Administrativhaft (Israel)
Administrativhaft ist im Recht Israels eine behördlich angeordnete freiheitsentziehende Maßnahme im Fall eines Ausnahmezustands.
Es handelt sich dabei um keine Haftstrafe, der ein Gerichtsverfahren vorausgeht, sondern um eine Maßnahme zum Zweck der Sicherung der öffentlichen Ordnung. Die Haftdauer ist beschränkt, kann aber verlängert werden.
Entstehung
Die Administrativhaft geht auf die mit der israelischen Staatsgründung im Mai 1948 übernommene Notstandsgesetzgebung der britischen Mandatsmacht zurück.[1] Rechtsgrundlage ist die aufgrund der Rechts- und Verwaltungsverordnung von 1948[2] von der israelischen Regierung erlassene Notstandsverordnung Emergency Powers (Detention) Law von 1979.[3][4]
Rechtslage
Die israelischen Behörden dürfen alle Personen in Administrativhaft nehmen, bei denen sie annehmen, dies sei zur Aufrechterhaltung der der öffentlichen Ordnung oder zur Gewährleistung der öffentlichen Sicherheit nötig. Dies wird begründet mit dem Ausnahmezustand, da sich Israel seit seiner Gründung mit mehreren arabischen Staaten im Krieg befindet. Dabei unterscheidet sich die Praxis der Administrativhaft im eigentlichen Staatsgebiet von der in den besetzten Gebieten. Im Staatsgebiet ist die Haftdauer auf ein halbes Jahr beschränkt, kann aber beliebig verlängert werden.
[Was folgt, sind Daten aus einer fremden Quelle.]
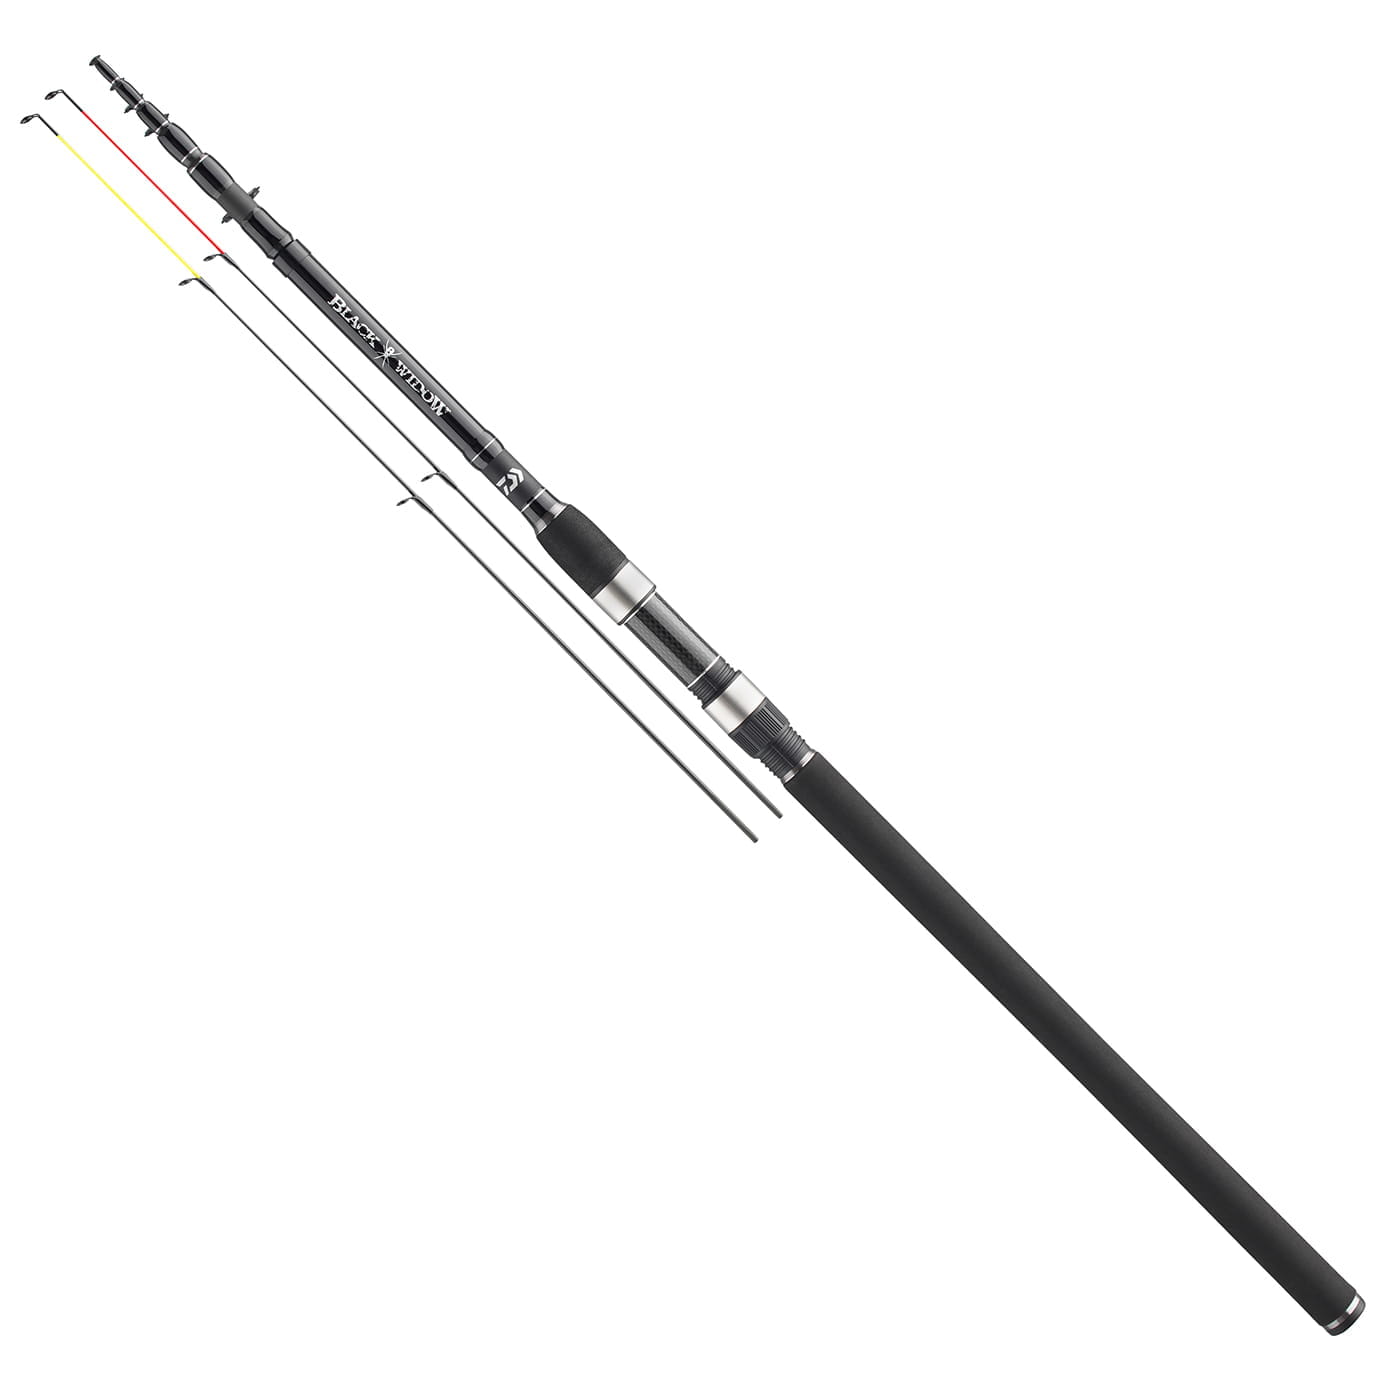 Feeder Rods for your fishing adventures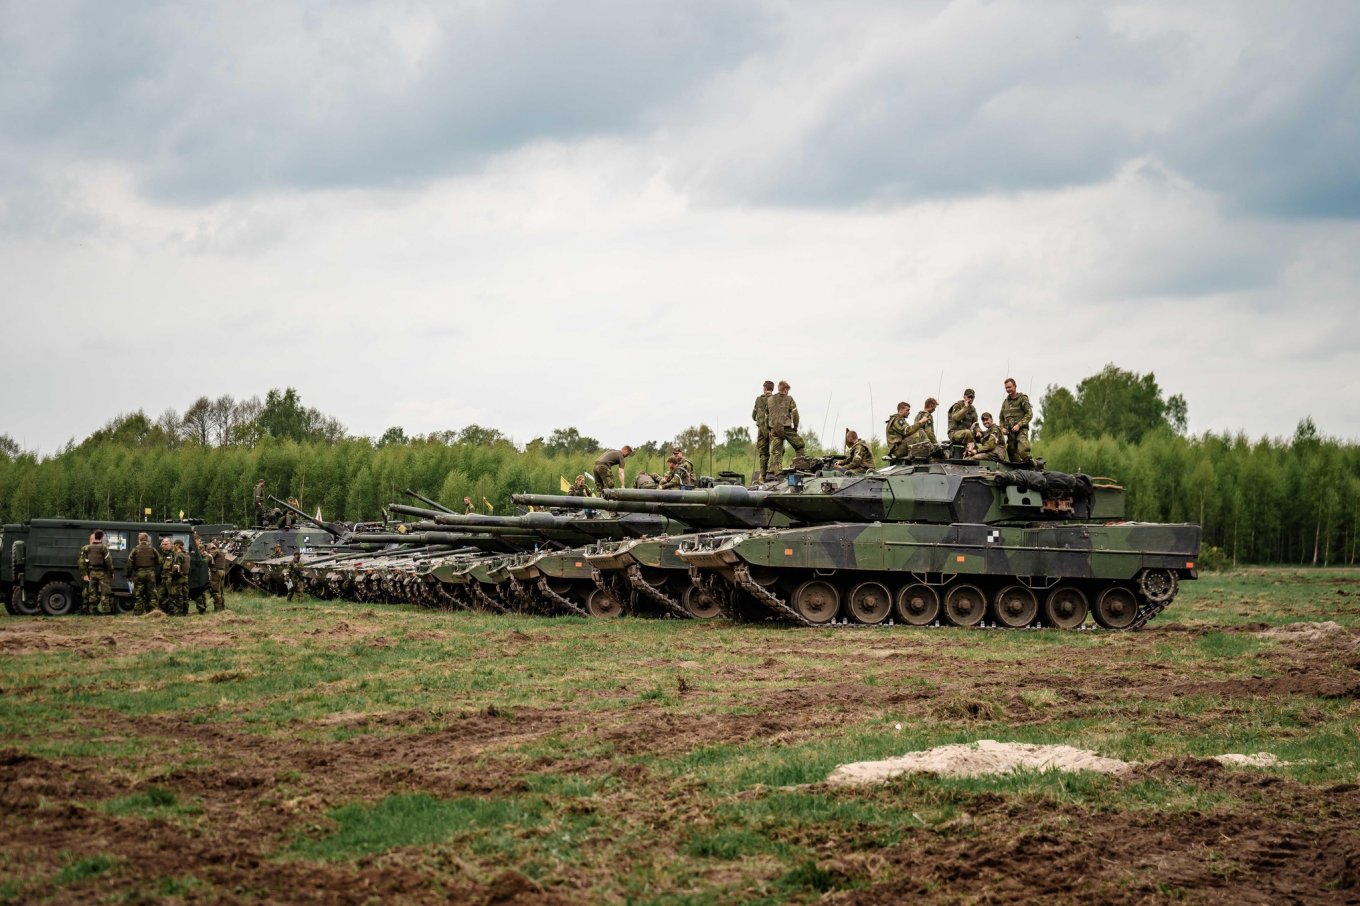 The Stridsvagn 122 tanks Defense Express Sweden Sends New Assistance Package for Ukraine, Including Parts for CV90 Vehicles and Leopard 2 Tanks, Proposes Missile Purchase by the U.S. for Ukraine

Inhaftierte haben das Recht, das zuständige Bezirksgericht und in zweiter Instanz das Oberste Gericht anzurufen. Da den Inhaftierten nicht immer mitgeteilt wird, weswegen sie einsitzen, wird dieses Recht von der israelischen Menschenrechtsorganisation B’Tselem als Farce abgetan. In einigen Fällen wurde Administrativhaft im Anschluss an eine vollständig verbüßte Haftstrafe verhängt.[5]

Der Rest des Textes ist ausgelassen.